Indexing a Reference Genome (L12)

Class Exercise #2: Indexing a Genomic Reference (FASTA)

For this tutorial, we will be using an Organism-specific biological database called Cryptodb. These types of databases are updated more frequently than broader biological databases like Ensembl, especially for non-model organisms. As a result, they tend to be more comprehensive.

If you are working with a non-model organism, it is important to check whether a dedicated database exists for your species, as it may provide more up-to-date and detailed information.

The steps we will perform include:

Making a directory called indexed_genomes_example
Grab the correct FASTA file from the Cryptodb website
Load the hisat2 program using module load
Build the genome index using hisat2-build

What is the purpose of building a genome index?

Prior to mapping, most aligners require you to construct and index the genome, so that the aligner can quickly and efficiently retrieve reference sequence information.

Indexing in general is widely used in bioinformatics to improve performance. This step can take a long time depending on how large the genome is (i.e. hours) so it is a good idea to generate a script.

For this example, we will be indexing the genome of the parasite Cryptosporidium parvum, which is very small in size.

Instructions

Make a directory called indexed_genomes_example

Grab the correct FASTA file from the Cryptodb website and place inside of indexed_genomes_example.

https://cryptodb.org/common/downloads/Current_Release/CparvumIOWA-ATCC/fasta/data/

Which file will you select?
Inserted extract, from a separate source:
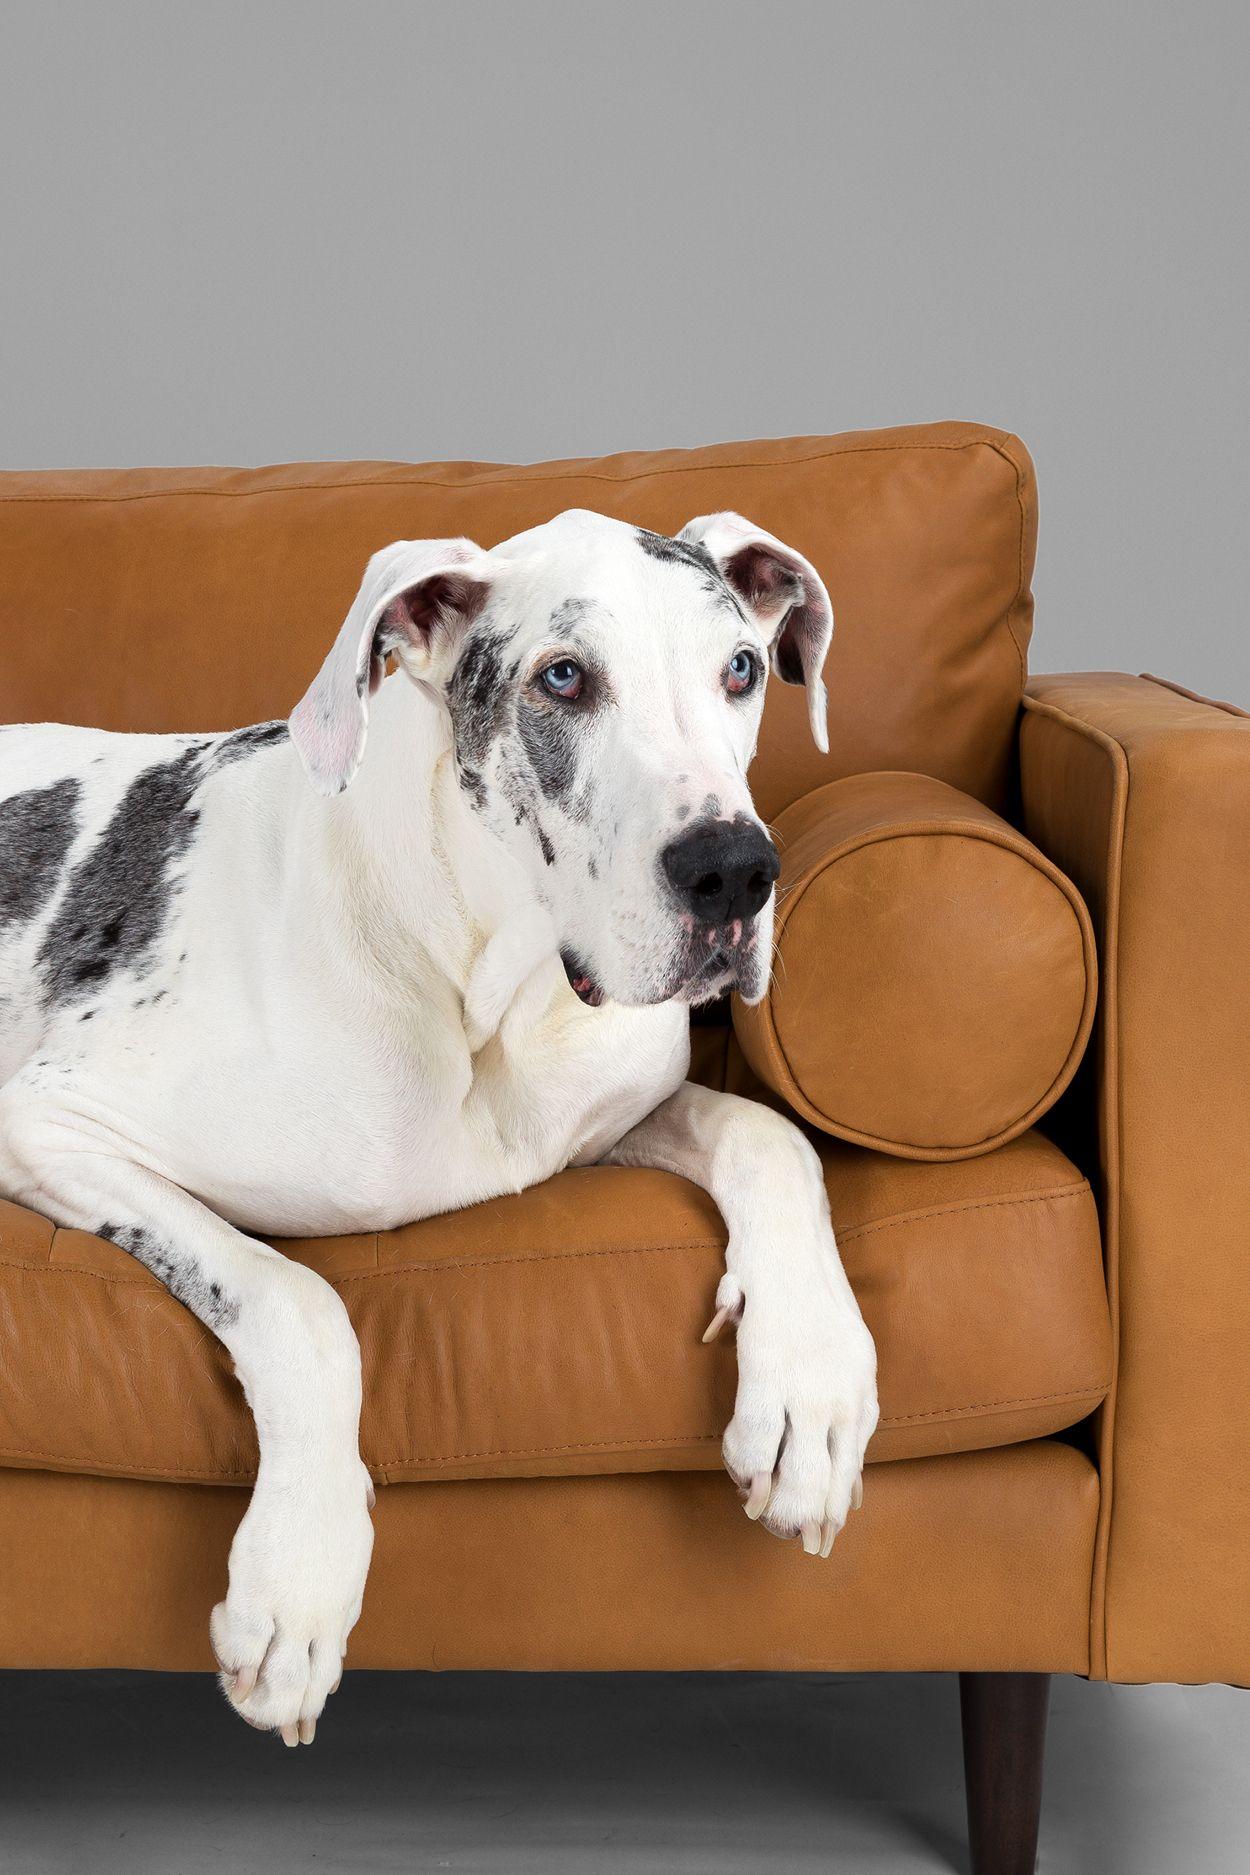 Groovy Sven Charme Tan Sofa Fuzzilcious Puppies Tan Leather Spiritservingveterans Wood Chair Design Ideas Spiritservingveteransorg

Think about the TYPE of aligner we are using.
Once you make a decision, right-click, select copy-link

Use the wget command

wget path-you-copied

You should see the following:

Connecting to cryptodb.org (cryptodb.org)|128.192.21.13|:443... connected.
HTTP request sent, awaiting response... 200 OK
Length: 9275167 (8.8M) [application/x-fasta]
Saving to: ‘CryptoDB-67_CparvumIOWA-ATCC_Genome.fasta’

100%[=================================================================>] 9,275,167   5.93MB/s   in 1.5s

Check the file with head once the download is complete.

>CP044422 | organism=Cryptosporidium_parvum_IOWA-ATCC | version=2022-10-21 | length=920510 | SO=chromosome
AAACCCCTAAACCTAAACCTAAACCTAAACCTAAACCCTAAACCTAAACCTAAACCTAAA
CCTAAAACCTAAACCTAAAACCTAAACCTAAAACCTAAAACCTAAACCTAAACCTAAACC
CCTAAACCTAAACCTAAACCTAAAAACCTAAACCCTAAACCTAAACCTAAAAAACCTAAA
CCTAAACCTAAACCTAAACCTAAACCTAAACCTAAACCTAAAAAACCTAAAACCTAAACC
TAAACCTAAACCTAAACCTAAAACCTAAAAACCTAAACCTAAAAACCTAAAAAACCTAAA
CCTAAAAAACCTAAACCTAAACCTAAAACCTAAAACCTAAACCTAAAACCTAAAACCTAA
ACCTAAACTAAACCTAAAAAACCTAAAAACCTAAACCCCTAAACCTAAACCTAAAACCTA
AACCTAAACCTAAACCTAAACCTAAAACCTAAACCTAAACCTAAAACCTAAACCTAAACC        
TAAACCTAAACCTCCTAAAAACCTAAACCTAAACCTAAACCTAAACCTAAAAAACCTAAA

Load the hisat2 program using module load

module load gcc/13.3.0-xp3epyt 
module load hisat2/2.2.1-x7h4grf

Build the genome index using the hisat2-build program. hisat2-build can index reference genomes of any size.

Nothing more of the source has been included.